Von Buddhismus und ART gerettet
Was ihn durch all die bewegten Jahrzehnte getragen hat, war der Buddhismus, den er in den 70er Jahren für sich entdeckt hatte. Und auch hier übernahm er wieder tragende Funktionen: „Er hat viel für die Tibeter und überhaupt alle Menschen, die er kannte, getan, war immer mitfühlend und gleichzeitig humorvoll kritisch“, beschreibt ihn Elke Hessel von der Deutschen Buddhistischen Union, bei der er Ratsmitglied war. Petra Kelly hatte ihm eine erste Begegnung mit dem Dalai Lama ermöglicht. Als Rentner begleitete er das geistliche Oberhaupt von Tibet mehrfach auf seinen Reisen in Deutschland.

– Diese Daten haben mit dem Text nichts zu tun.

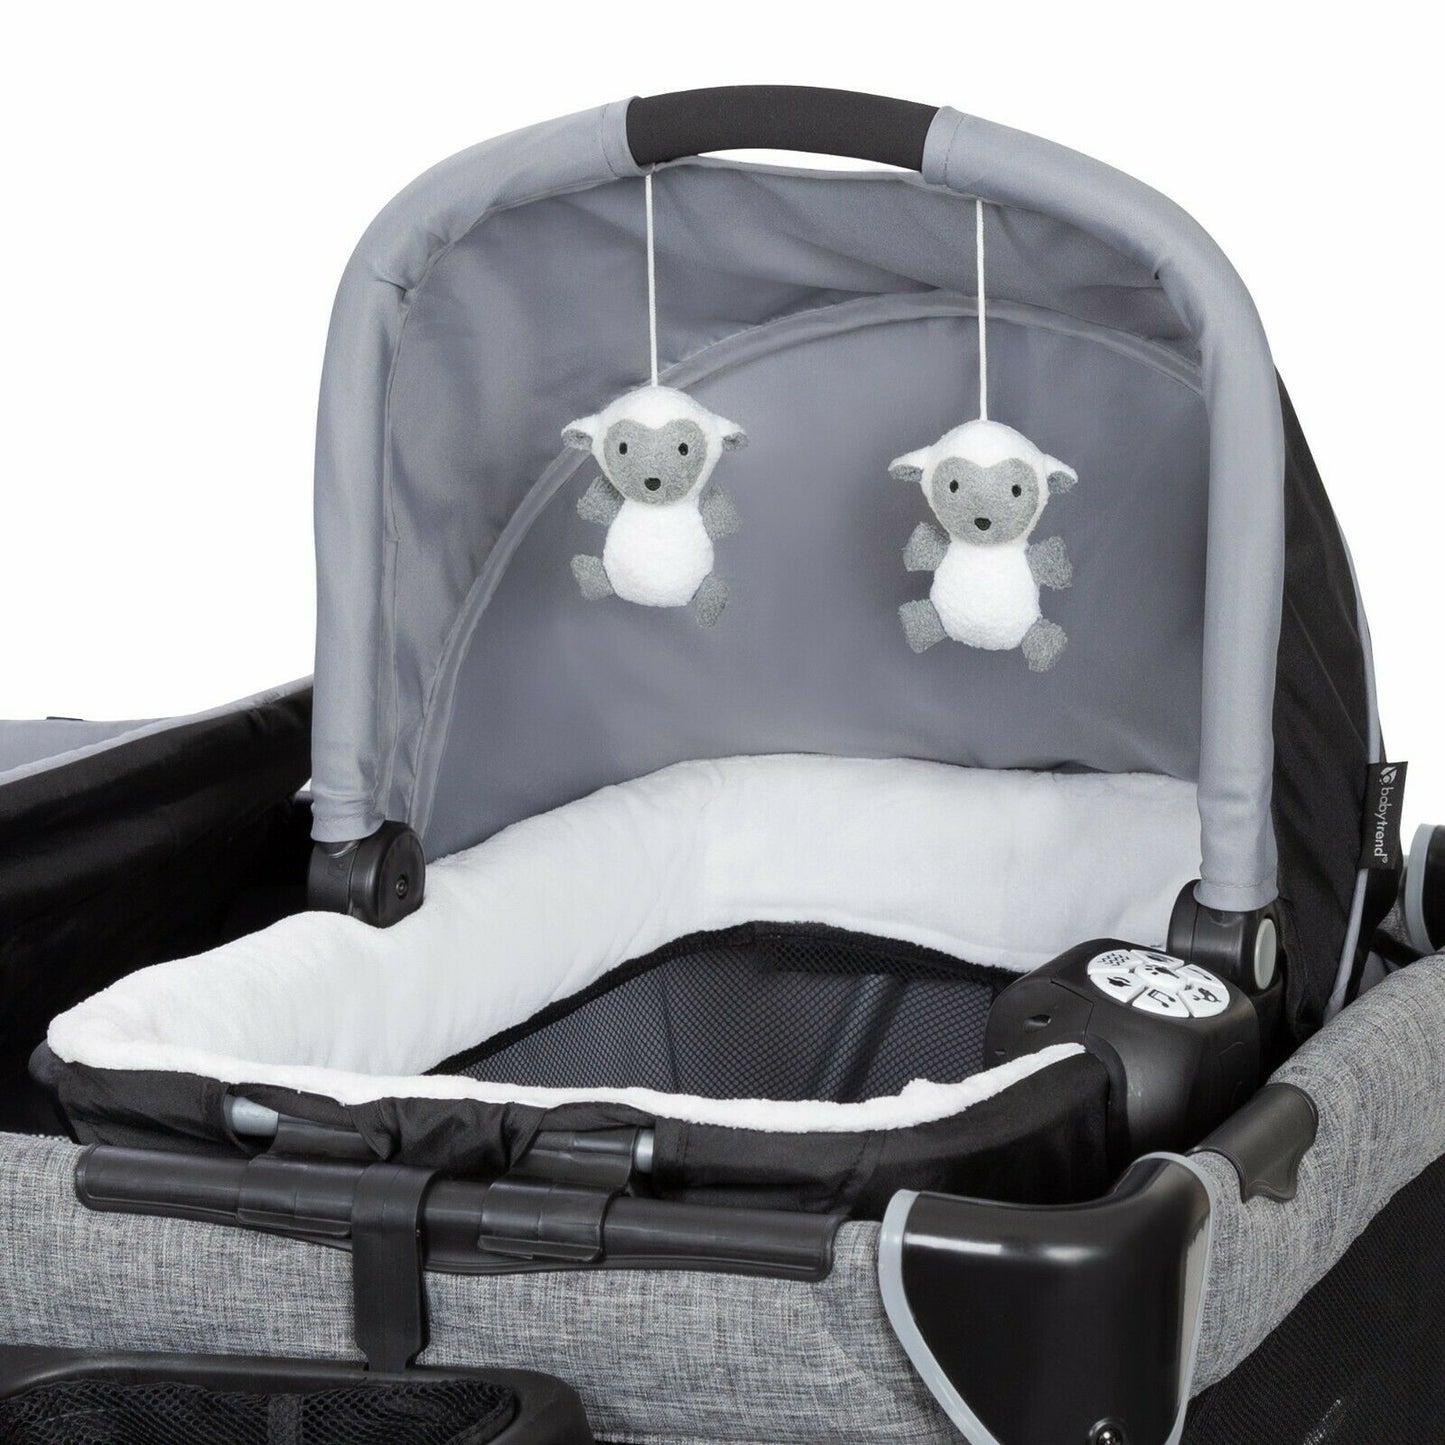 Baby Stroller with Car Seat Travel System Playard High Chair Diaper Bag Combo

Mitte der 90er Jahre war seine Aidserkrankung soweit fortgeschritten, dass er zeitweilig auf eine Gehhilfe angewiesen war und ihm Ärzt*innen einen baldigen Tod prognostizieren. Gerade noch rechtzeitig erhielt 1996 das Medikament Crixivan die Zulassung als Baustein der antiretrovirale HIV-Therapie, rettete Rusche das Leben und schenkte ihm drei weitere Jahrzehnte. Erst in der Nacht auf den 22. Dezember 2024 starb er in einem Frankfurter Seniorenheim.

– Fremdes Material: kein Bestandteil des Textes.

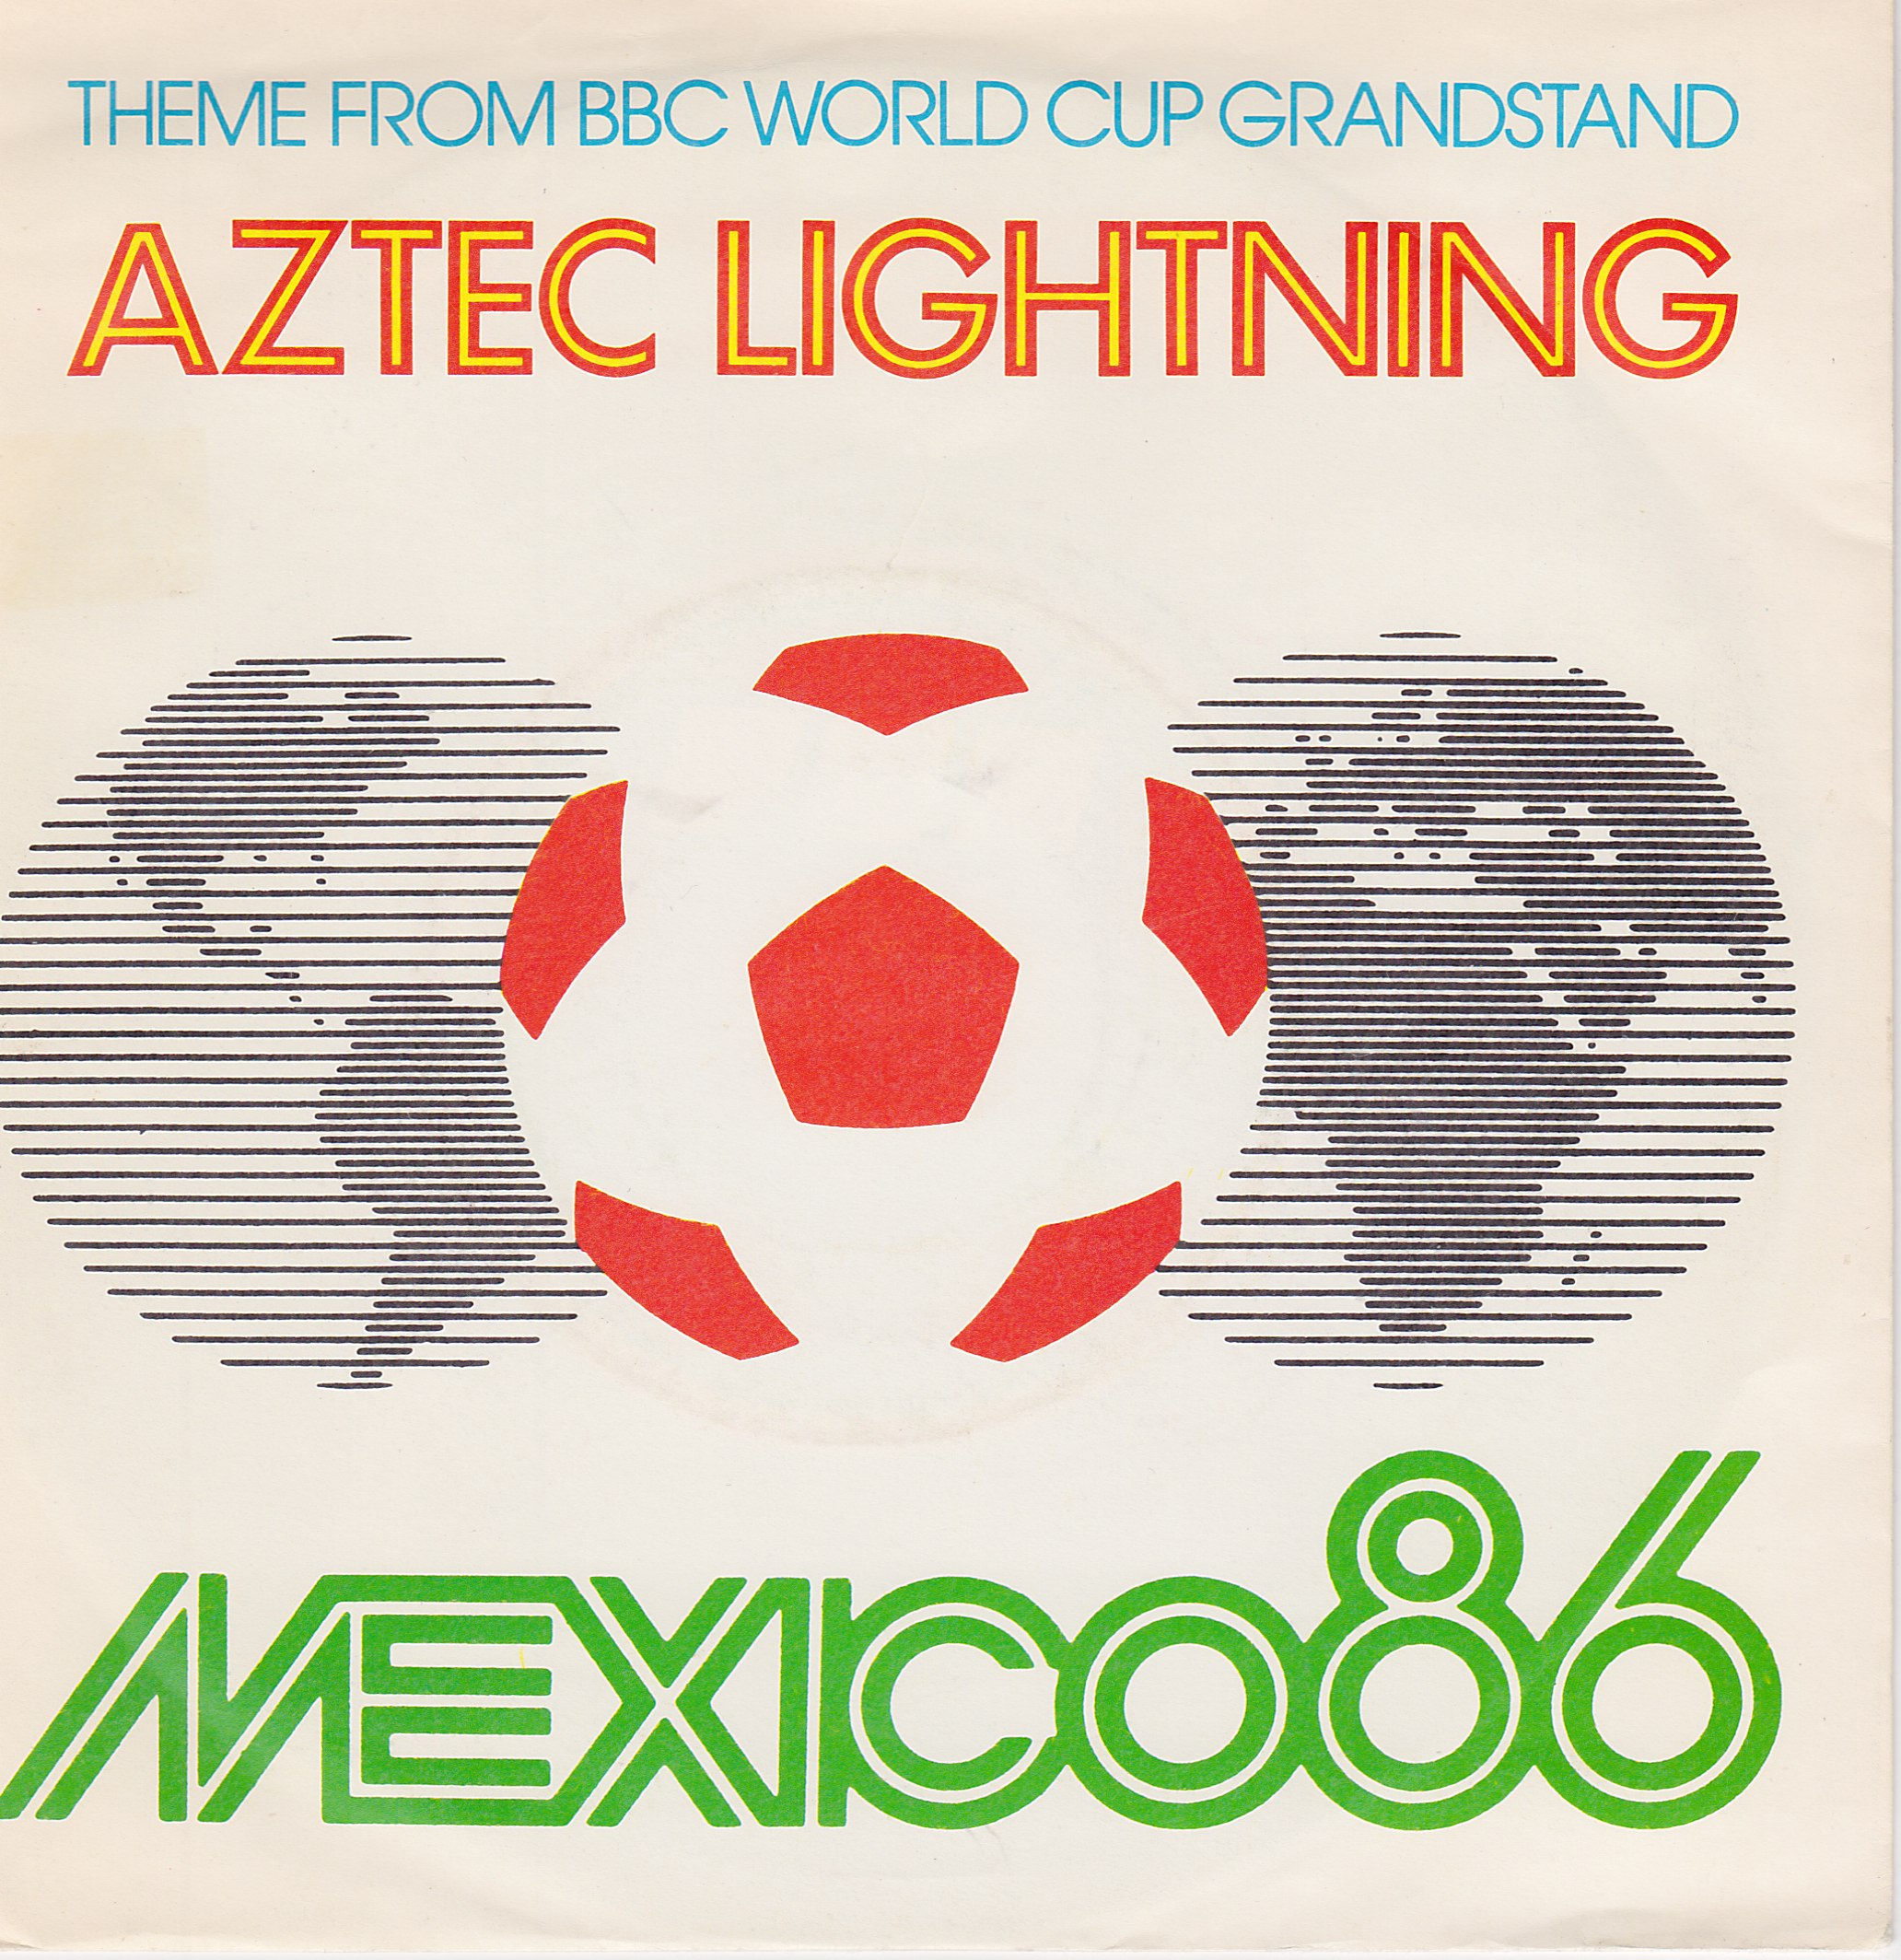 Picture of Aztec lightning (World cup grandstand '86) by artist Heads from the BBC singles - Records and Tapes library

Späte Dankbarkeit für frühes Engagement
Öffentlich bekannt wurde sein Tod Wochen später durch eine Mitteilung der Deutschen Buddhistischen Union. Auch die vielen ehemaligen Mitstreiter*innen und Parteigenoss*innen erfahren erst dadurch, dass Rusche nach einem Schlaganfall vor einigen Jahren teilweise gelähmt war und kaum noch spreche konnte. Fast alle erinnern sich sehr lebendig an Rusches Lebenslust und Humor – und bedauern es, ihn aus den Augen verloren zu haben. Wie schnell ein Mensch, der als Wegbereiter einst für Schlagzeilen sorgte, in Vergessenheit geraten kann. Wie wenig bleibt von einem solchen Leben voller Engagement und Kampfgeist. Rusches Biografie war offenbar zu inkonsistent, als dass sein Wirken nachhaltigen Eindruck hinterlassen hätte.

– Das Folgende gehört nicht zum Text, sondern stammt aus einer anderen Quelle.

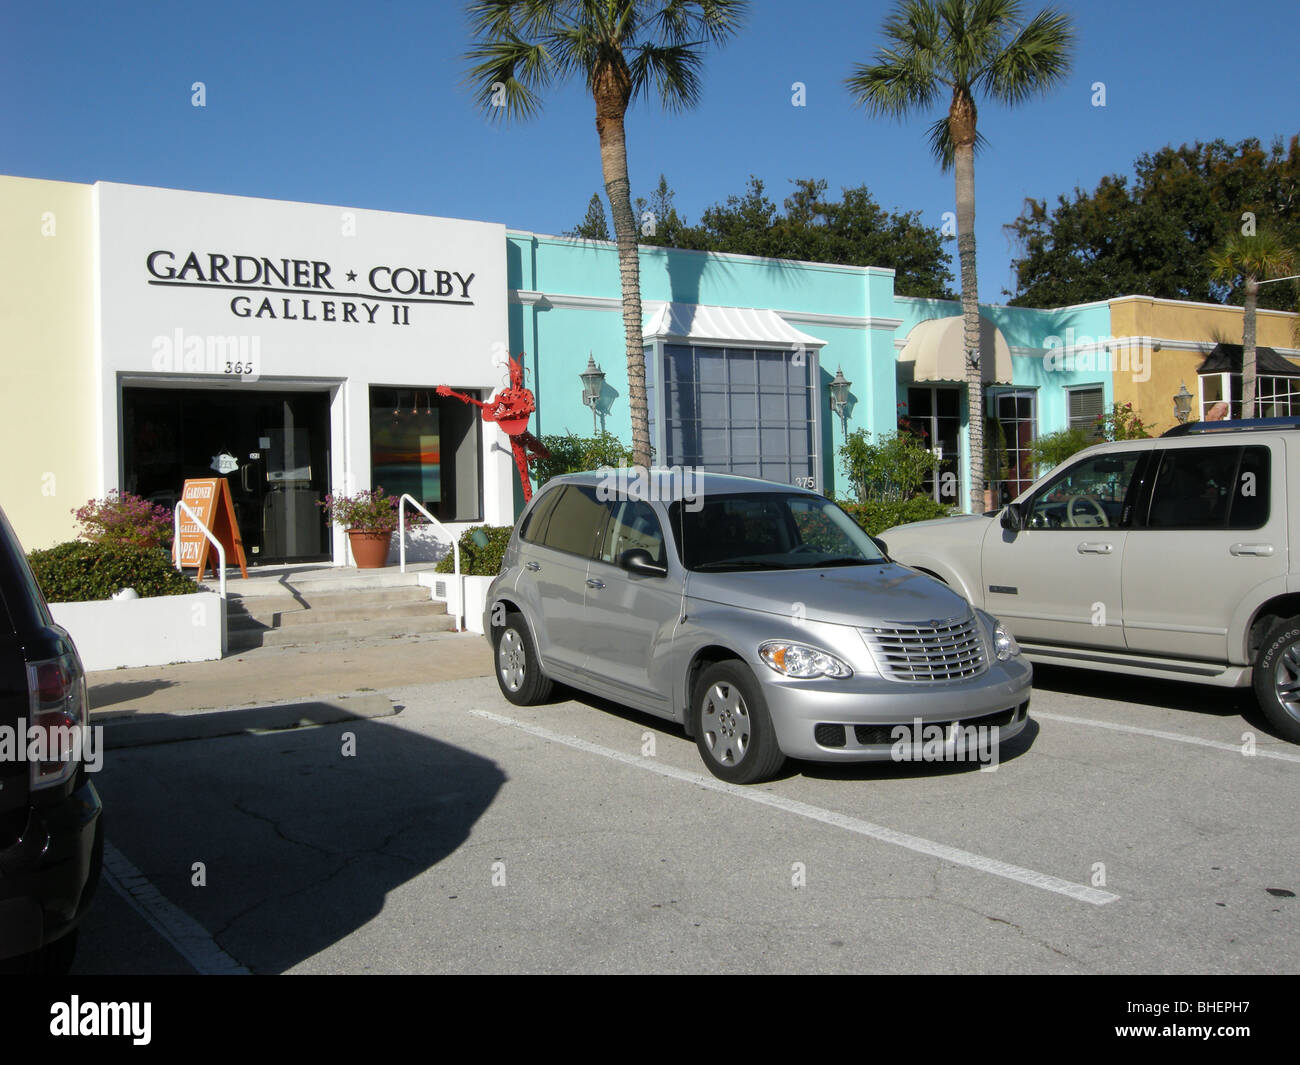 2009  Chrysler Cruiser in front of the Gardner Colby Gallery in the historic district of Naples Florida USA Stock Photo

Volker Beck„Wir verdanken ihm Einiges in der schweren Zeit der beginnenden AIDS-Krise.“
„Er geriet in der Schwulenbewegung in Vergessenheit. Aber er war ein Pionier, vielleicht nicht immer geschickt, aber mutig und beherzt“, kommentiert sein einstiger Parteikollege Volker Beck Rusches Tod. Die wenigen Nachrufe stützen sich vor allem auf Rusches Wikipedia-Eintrag und übernehmen darin enthaltene Unstimmigkeiten. Rusches Anteil an der grünen Politik zu HIV/Aids während der zweiten Kohl-Regierung wird nie in Gänze deutlich werden. Denn als Nachrücker konnte er erst in der zweiten Hälfte der Legislaturperiode Kleine Anfragen stellen und dies nur im parteiinternen Arbeitskreis „Recht und Gesellschaft“. Was er zuvor als Fraktionsassistenz und später als Abgeordneter dem Bereich „Gesundheit und Soziales“ zuarbeitete, ist nicht dokumentiert und lässt sich nur erahnen. „Wir verdanken ihm Einiges in der schweren Zeit der beginnenden AIDS-Krise“, schreibt Volker Beck.